In 2000, Bloom exhibited a total of fifteen paintings at the Cooper Classics Collection in New York City. The art journalist Piri Halasz (who has long followed the artist's progress) wrote of the exhibition in New York Arts Magazine, "Bloom's most recent style has been called a combination of minimalism and color-field. While this description has some truth, her minimalism is not minimal enough to destroy her work's variety and individualism, while the richness and delicacy of her colors, and the freedom with which she applies paint makes her pictures worthy descendants of 60s color-field painting by such masters as Frankenthaler and Noland.

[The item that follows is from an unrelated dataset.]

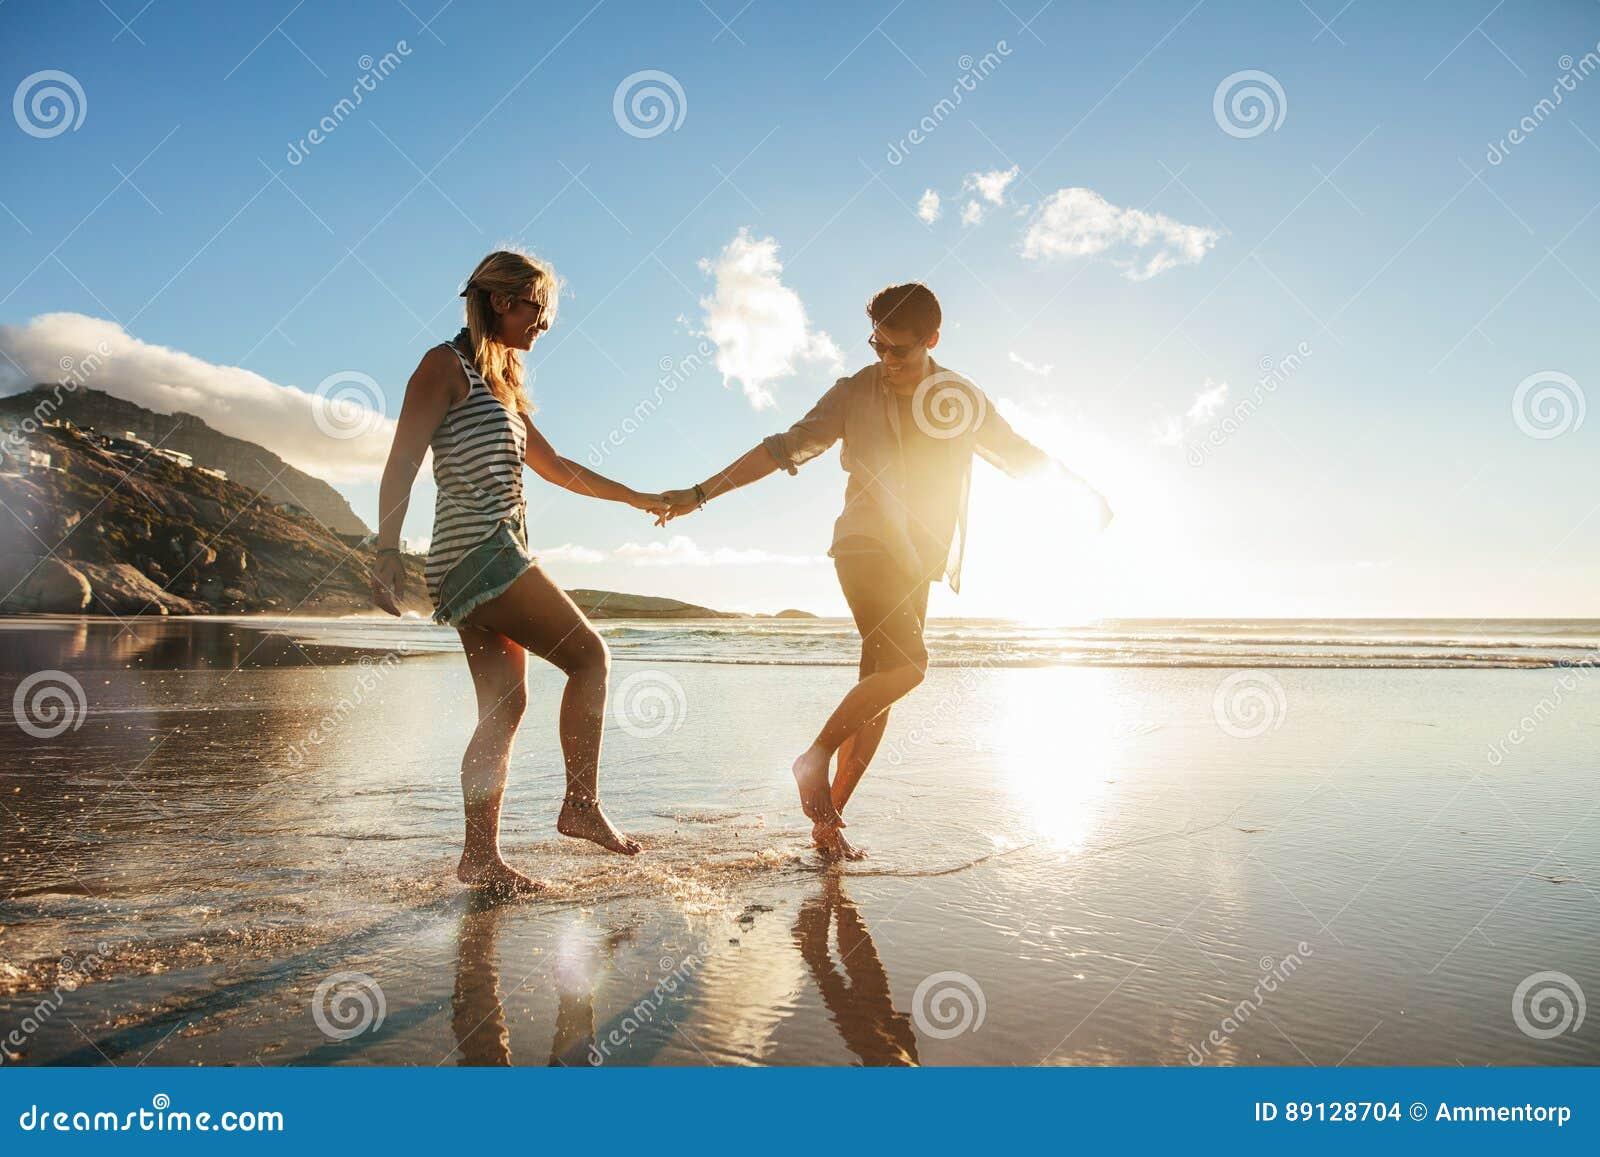 Young couple enjoying holidays on the sea shore

Each of the eight large paintings in this show are composed of five to eight strips of color, about six feet long and about four inches wide, spaced more or less evenly across a canvas painted in a contrasting color."

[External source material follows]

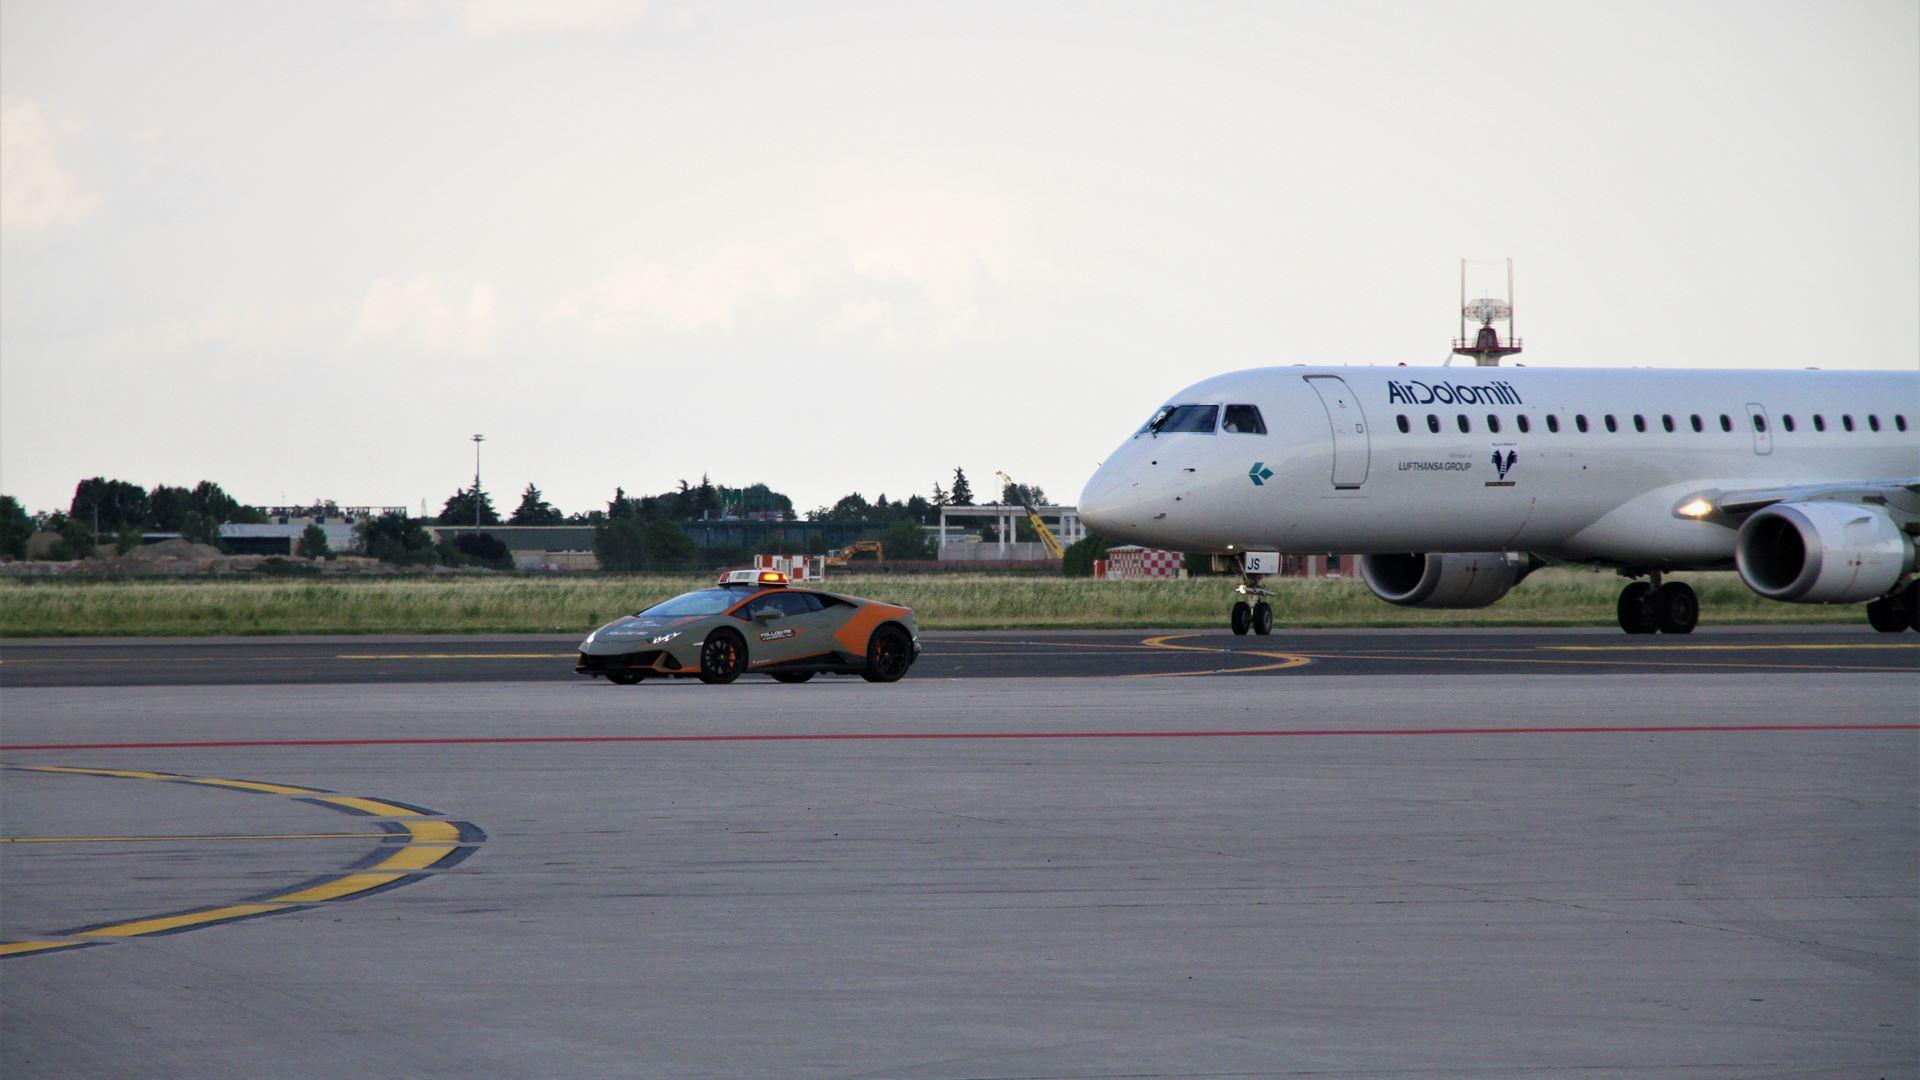 A new Lamborghini Huracán EVO follow-me car for Bologna Airport - Image 1

From October 20 until November 14, 2015 her recent paintings were the subject of a solo exhibition at the Andre Zarre Gallery in the Soho neighborhood in the borough of Manhattan in New York City. In writing about this exhibition in Observer, Piri Halasz states about the works "They glow like jewels because each has a base layer of charcoal gray paint that also surrounds its image—setting that image off like the black velvet of a jewelry case"...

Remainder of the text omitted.